Through AB 2044, The Legislature Enhances Child Custody Protections In Cases Involving Domestic Violence

Domestic violence (“DV”) is a potential game-changer in child custody contests.  In 2014’s Assembly Bill (“AB”) 2089, the Legislature expressly declared, among other findings, “[t]here is a positive correlation between [DV] and child abuse, and children, even when they are not physically assaulted, suffer deep and lasting emotional, health, and behavioral effects from exposure to [DV].” (Uncodified section I of AB 2089.)

Family Code sections 3020, 3011 and 3044 in pertinent part address DV in child custody cases.  They are a part of the “hodgepodge” of confusing and sometimes contradictory provisions, as California Family Law guru, Garrett Dailey, has put it, enacted by the Legislature in its rush to enact one DV statute after another over the past twenty or so years.

AB 2044, signed by Governor Brown in September 2018, strengthens the anti-DV aspects of all three statutes.

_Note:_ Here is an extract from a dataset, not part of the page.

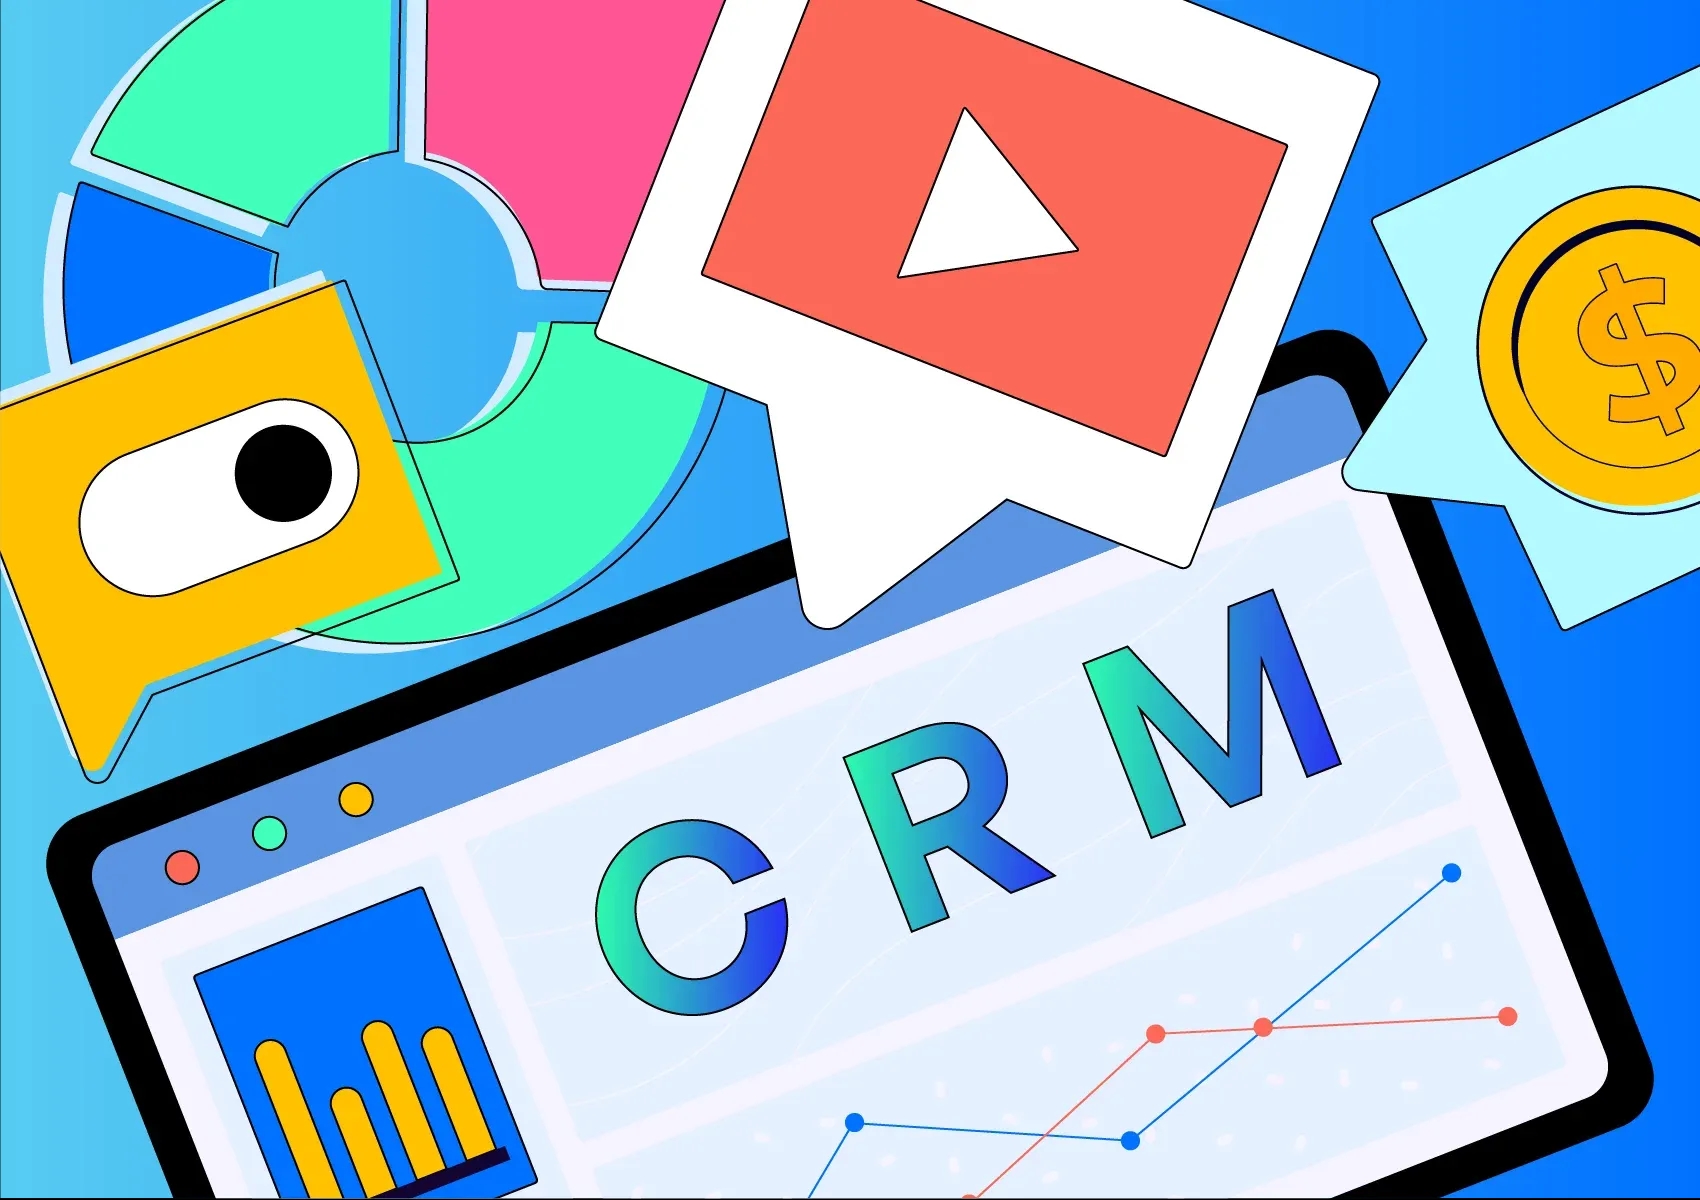 build your own crm system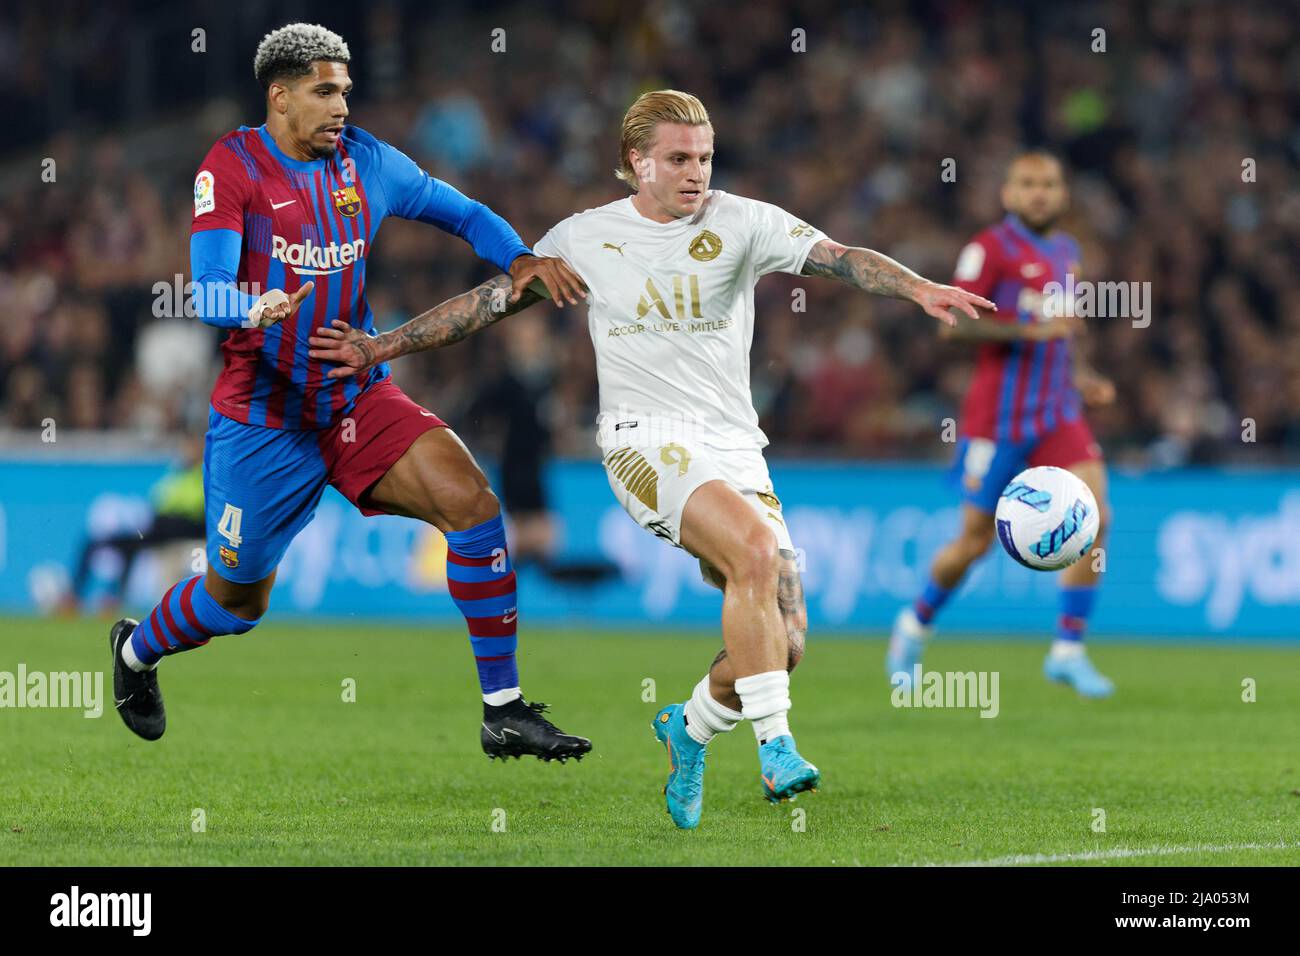 Sydney, Australia. 25th May, 2022. Jason Cummings of the All Stars is challenged by Ronald Araujo of FC Barcelona during the match between FC Barcelona and the A-League All Stars at Accor Stadium on May 25, 2022 in Sydney, Australia Credit: IOIO IMAGES/Alamy Live News Stock Photo

Section 3020 broadly addresses competing policy concerns.  One is the policy of protecting children’s health, safety and welfare.  Another is that children should have frequent and continuing contact with both parents.  In adding new section 3020(c), AB 2044 clarifies that the former trumps the latter:  “When [these] policies … are in conflict, a court’s order regarding physical or legal custody or visitation shall be made in a manner that ensures the health, safety, and welfare of the child and the safety of all family members.”

Section 3011 provides that, in making a custody order, the court “shall” consider any history of abuse by a parent seeking custody.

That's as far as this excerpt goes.